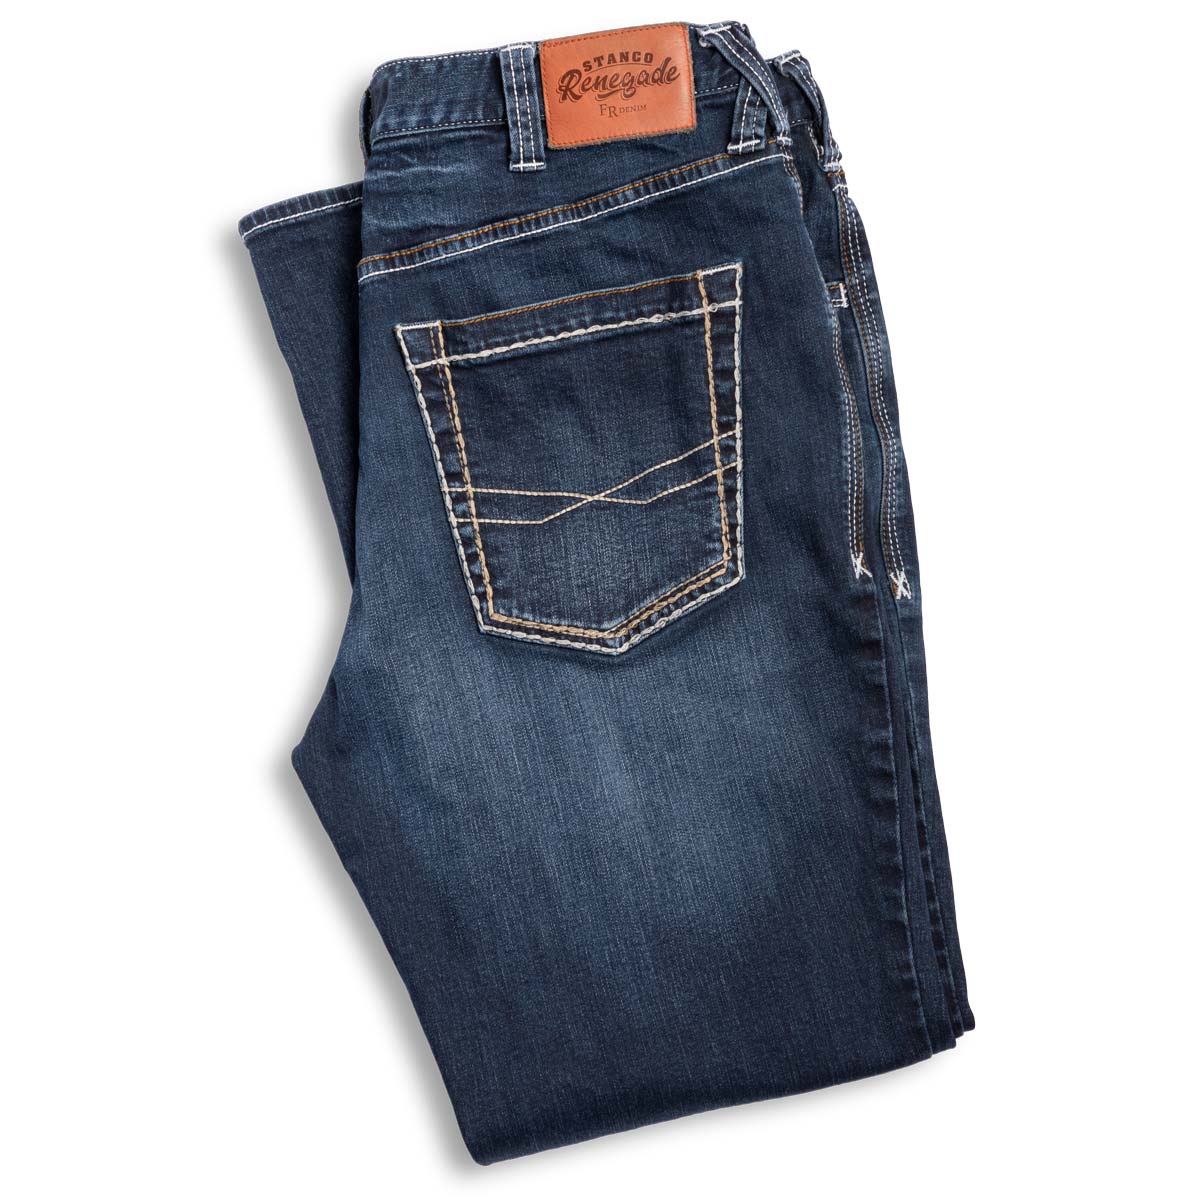 Renegade FR Jeans - Work Pants
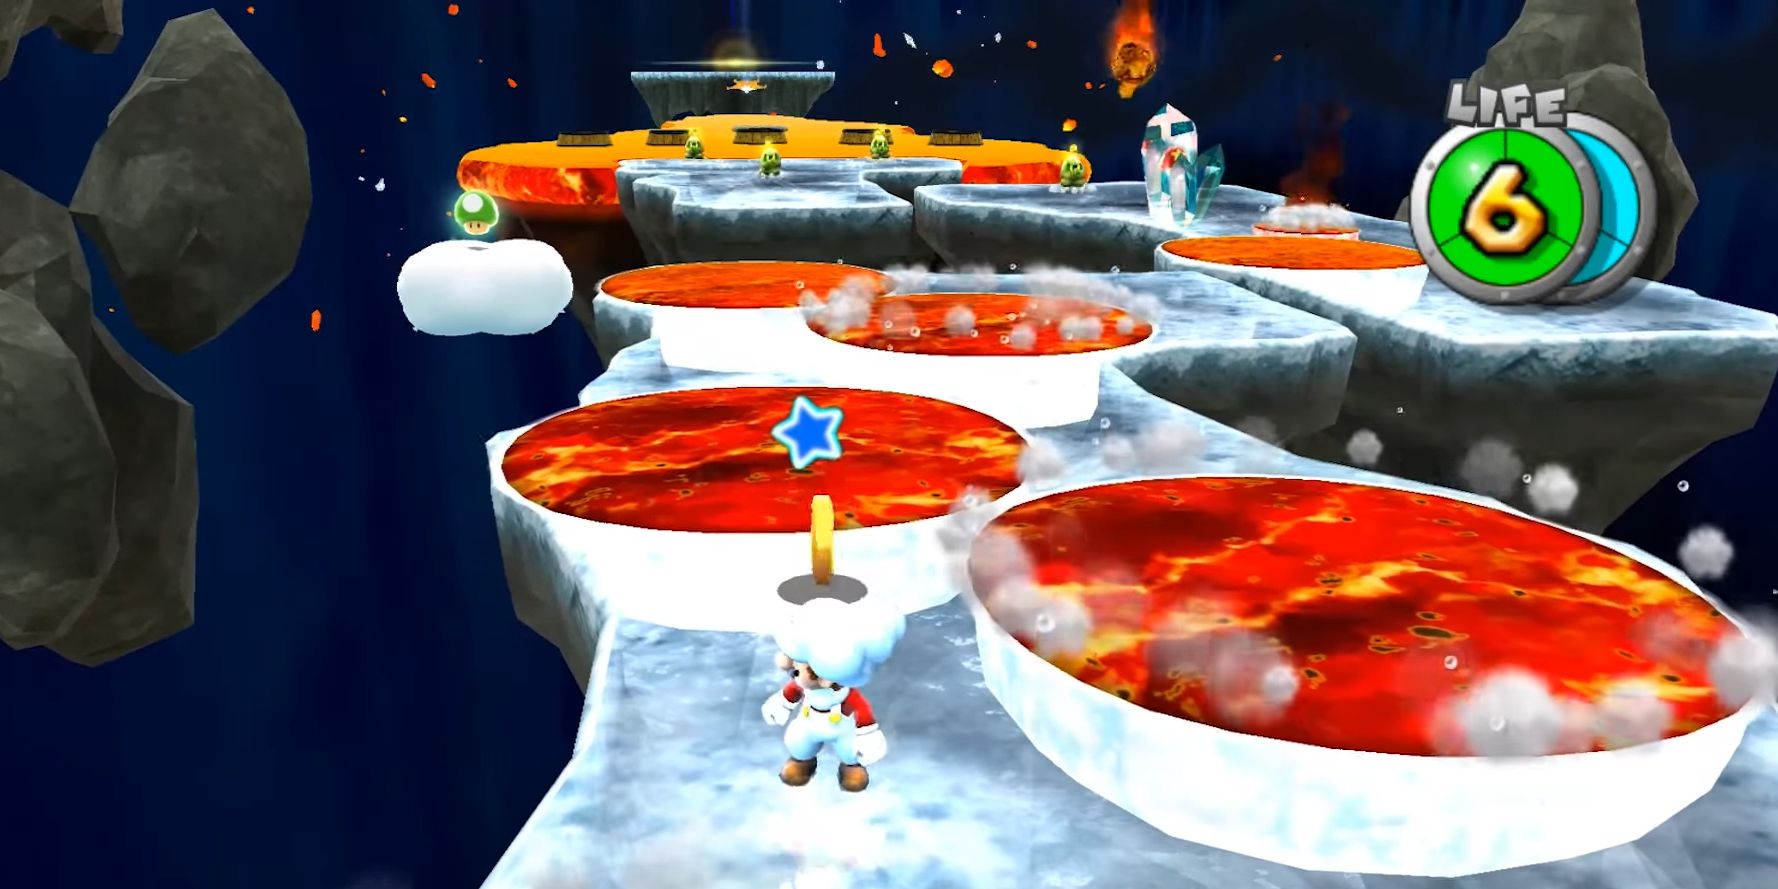 10 Best Snowy Levels In Mario Games
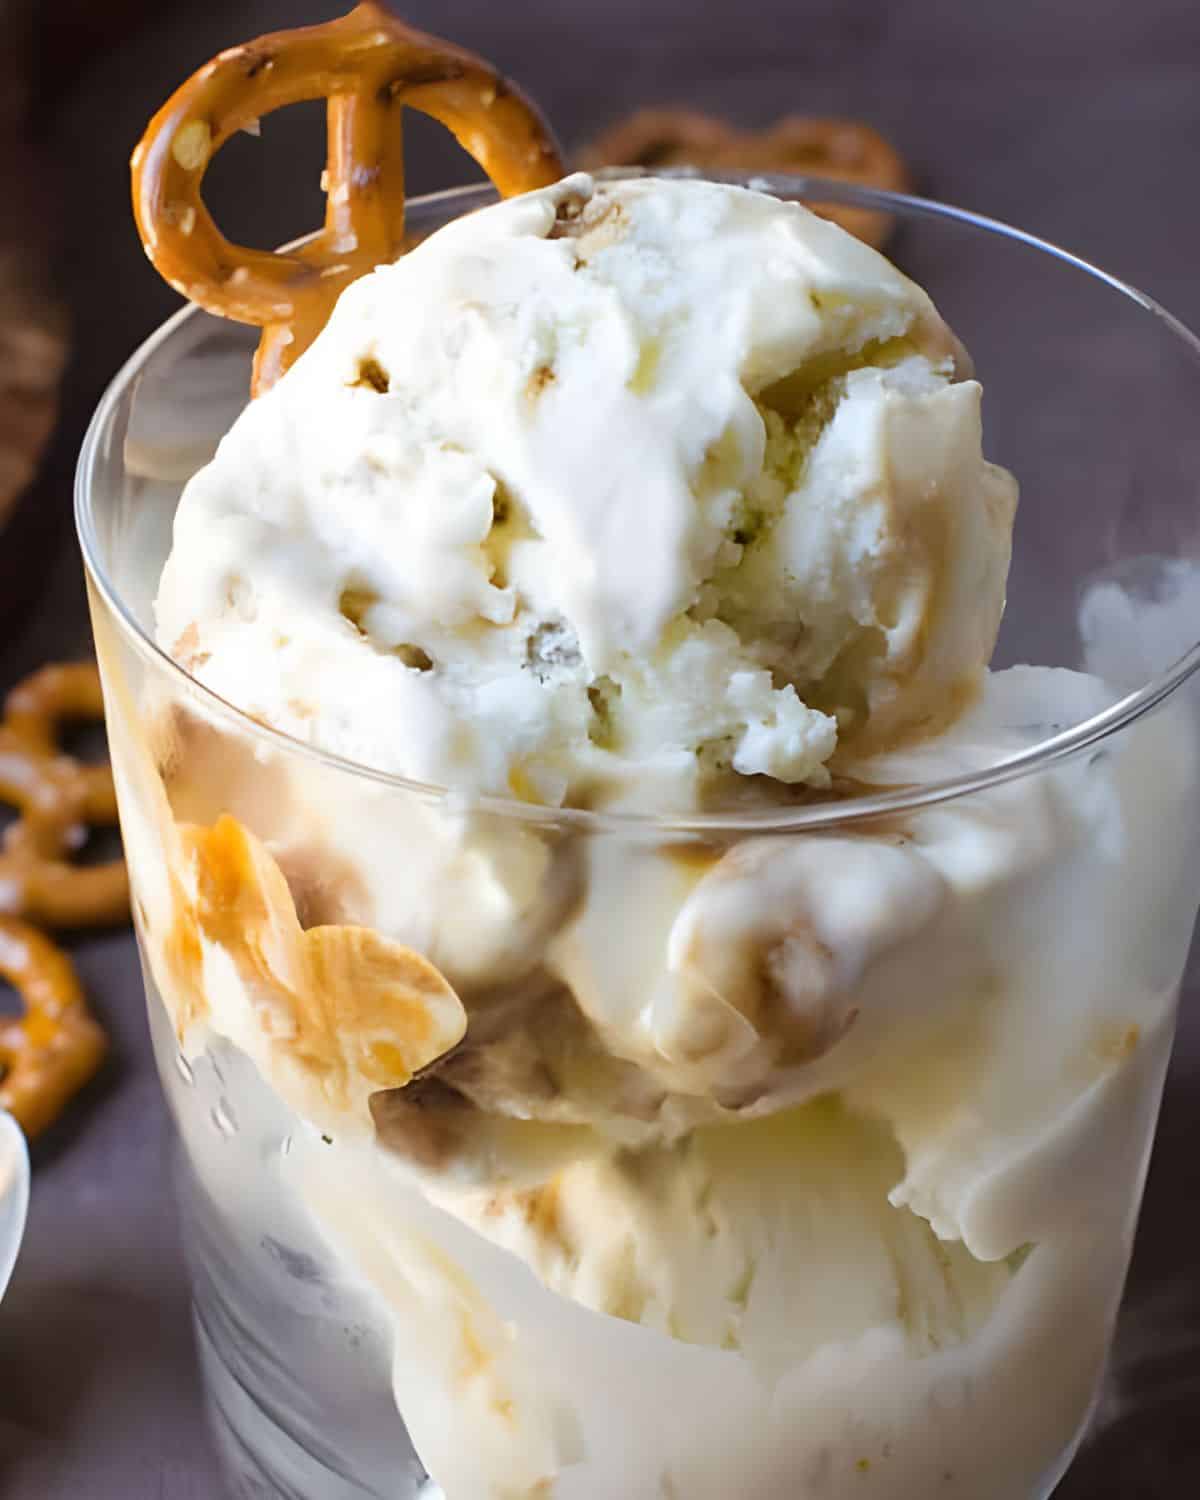 A serving of stout pretzel ice cream with extra pretzels.
━━━━━━━━━━
» **Problem statement**
The copy must begin at the line containing "10 Best Snowy Levels In Mario Games" and end at the last line of the data above, with every line retyped exactly and no pictures included.

» **Task response**
 10 Best Snowy Levels In Mario Games
 A serving of stout pretzel ice cream with extra pretzels.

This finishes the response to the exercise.